American researchers gathered thousands of Californian pregnant women, from all ages and social status, to determine how many of them consumed cannabis while carrying babies. Then, they compared the results to previous papers and realized that the amount obtained was higher than a few years ago. What really concerned the scientists, according to the research released Tuesday, was that not all the women knew they could harm their children by doing this.
The new study published Tuesday in the Journal of American Medical Association (JAMA) was led by the licensed clinical psychologist and research scientist, Kelly Young-Wolff, and Dr. Nancy Goler. They grouped around 300,000 women from the Kaiser Permanente Northern California Division of Research, a health care service, to see how many of them accepted having consumed marijuana in the past weeks.
Young-Wolff and Dr. Goler said that their study is critical because it “addressed key limitations” of prior studies by “investigating trends in prenatal marijuana use.” Also, they highlighted that they used data from a “large” California health care system with “gold standard universal screening for prenatal marijuana use.”
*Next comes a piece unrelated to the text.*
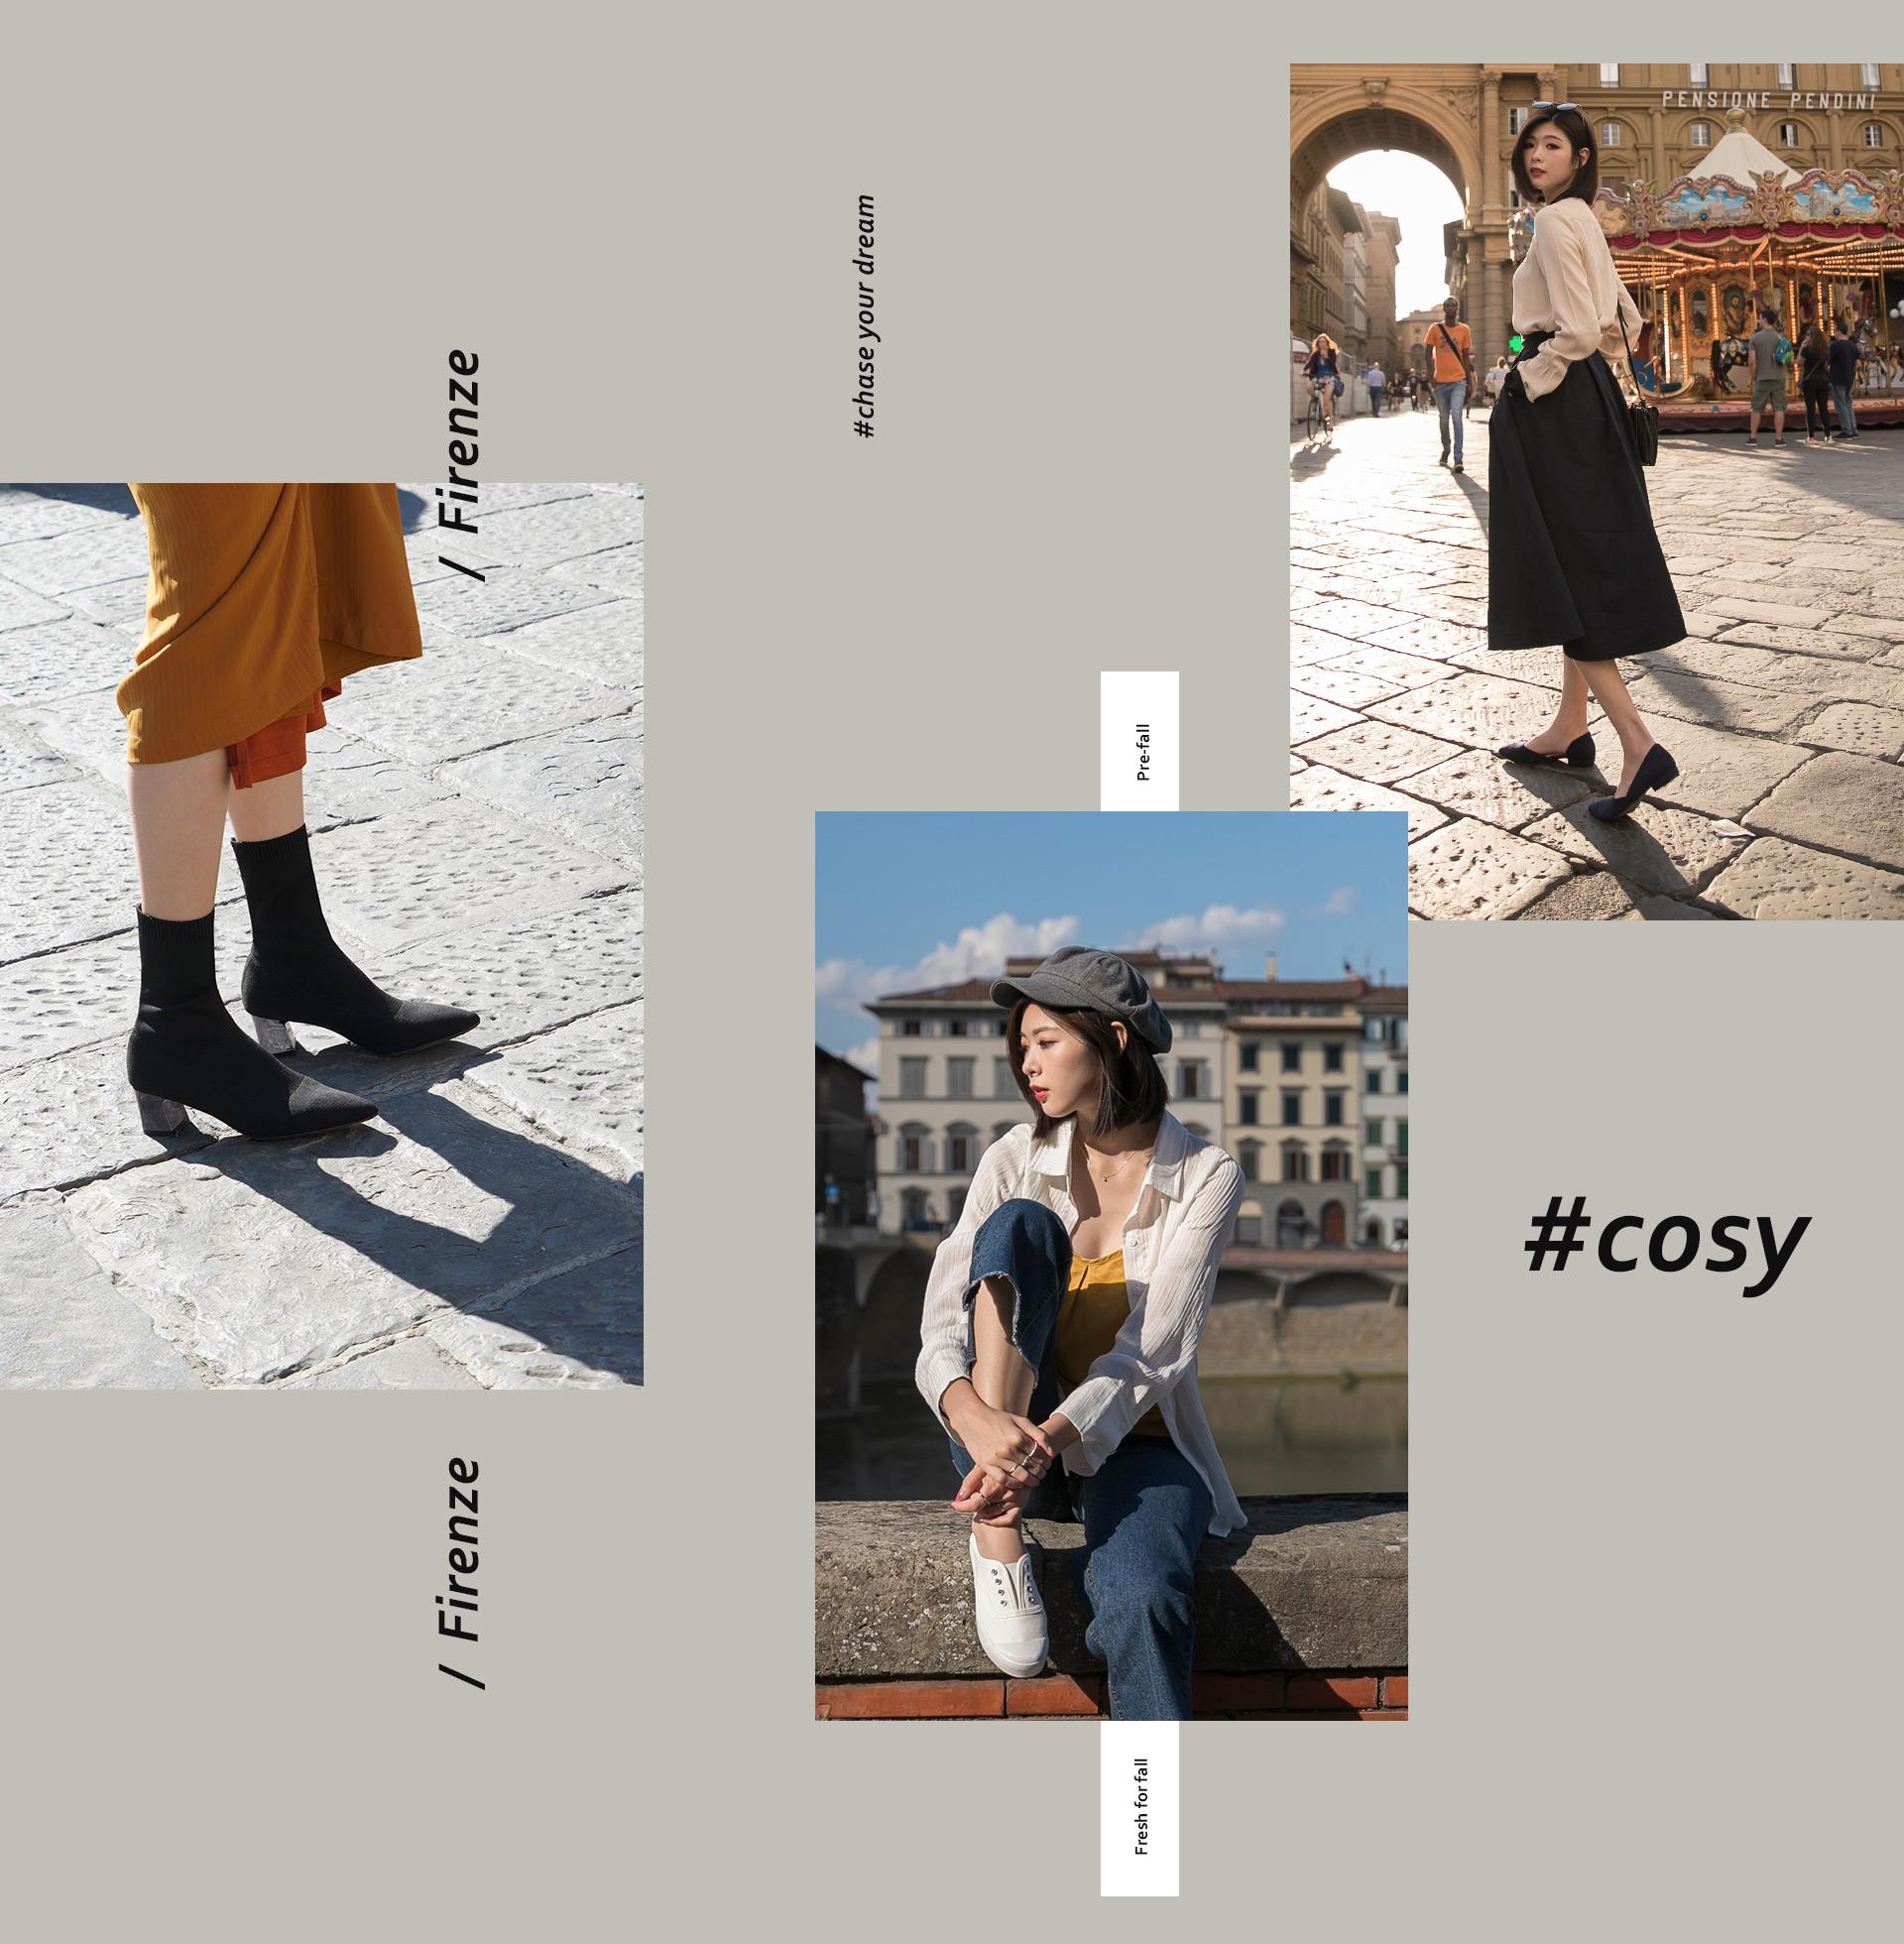 D+AF 秋冬女鞋靴義大利拍攝特輯-短靴 低跟鞋 休閒鞋
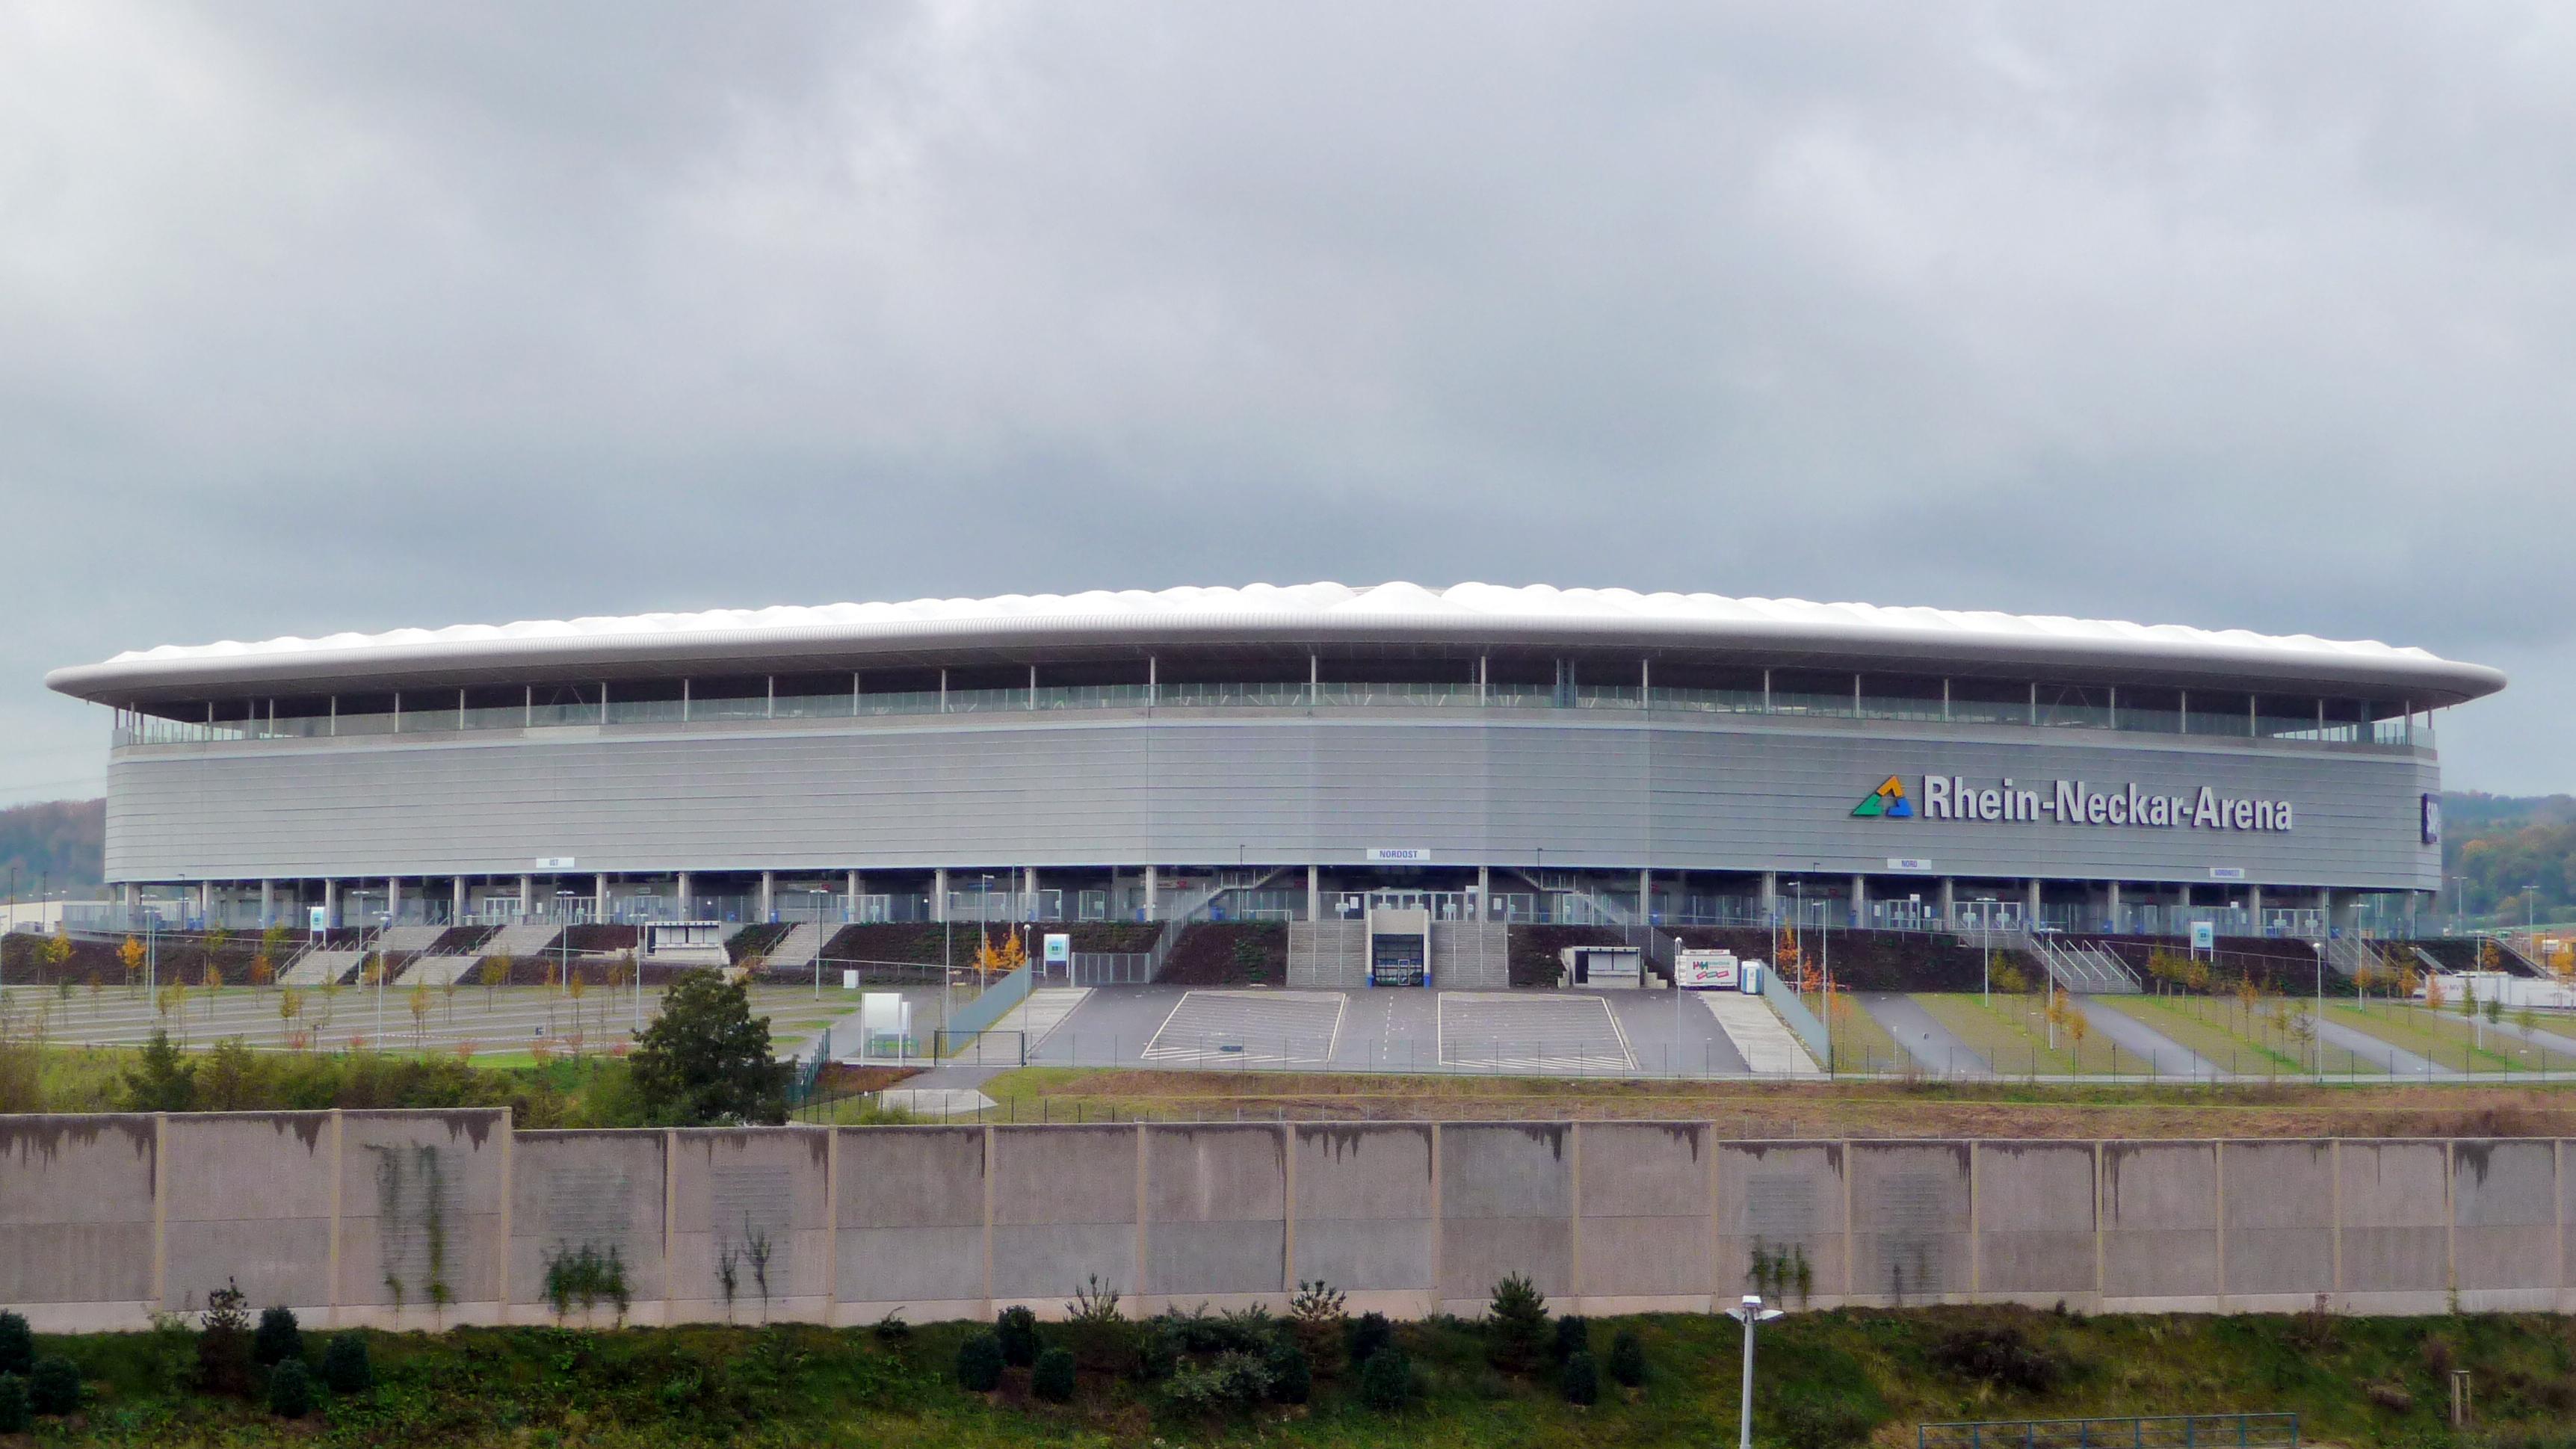 Die Rhein-Neckar-Arena in Sinsheim (2009)

The youngest consumed the most
The experts asked the women to fill a questionnaire and go through a drug test to see if they resulted positive. Some of them accepted having consumed pot and also turned out positive on the tests. Likewise, others denied the questions but also resulted positive. It was impossible to know if these used the drug before they knew they were carrying a child.
After the scientists compared the final 2016 data to data from 2009, they realized that the number of pregnant women consuming marihuana rose from 4.2 percent to 7.1 percent. Also, they saw that the women who mostly accepted doing it were those under 24 years of age.
In the 2016 overall, women of all ages increased their consumption of cannabis. But those who did it the most were mothers aged 18 to 24. According to the system, 1 out of 5 females from these ages turned positive in the tested.
Furthermore, the researchers wrote that nearly a quarter of mothers under the age of 18 had consumed cannabis.
Eight years have passed since 2009, and some teens who assured back then to have been under the effects of marihuana while pregnant, also agreed again in 2016 they kept doing it.
Researcher Young-Wolff said that she wasn’t “surprised” after the results she obtained. However, she expressed she was “concerned” about them because cannabis could potentially harm a baby inside a mother’s belly.
“We were concerned to find that the prevalence of marijuana use in pregnancy is increasing more quickly among younger females, aged 24 and younger, and to see the high prevalence of use in this age group,” Young-Wolff told Reuters.
Progressively increasing while pot became popular
Similar to this one, another study published in the same JAMA, but in January, threw some results that the scientists from this research employed.
The experts who performed the January study used data from the annual National Survey on Drug Use and Health and saw that the number of pregnant mothers consuming marijuana rose from 2.37 percent, in 2002, to 3.85 percent, in 2014. Additionally, just like Young-Wolff’s study, they concluded that women between 18 and 25 years old were who most liked to consume the drug.
The researchers said that pot was the drug that women “most commonly used” during pregnancy. Unfortunately, this one could “impair fetal growth and neuro-development.”
Another researcher from the Georgia State University, who was not involved in any of the studies, said that marijuana is being consumed every day more after the state of California legalized its recreational consumption. According to Barbara Yankey, this “has made people think of the drug as less dangerous, even during pregnancy.”
“In California, medical marijuana was legalized in 1996, and prenatal use may further escalate in 2018 when recreational marijuana is available legally,” the experts wrote on the study.
Against pregnant women consuming marijuana
Referring to the January research, Nora D. Volkow, director of the National Institute on Drug Abuse, wrote back then that some women preferred to use marijuana than feeling the morning sickness. However, she noted that they should avoid using the drug or another cannabinoid because “there is cause for concern.”
There has been a lot of research going on lately focused on marijuana. Some of them have noted its benefits, but other its risks. Unfortunately, scientists still don’t know much about the effects on unborn babies – unlike alcohol effect’s, which are pretty bad.
A Centers for Disease and Control (CDC) research concluded that pregnant women using cannabis could harm their babies in different ways. Some of them could be born with weight issues, while others with developmental problems.
The American Congress of Obstetricians and Gynecologists disagreed with women consuming pot if they want to get pregnant, already expecting children, or breastfeeding.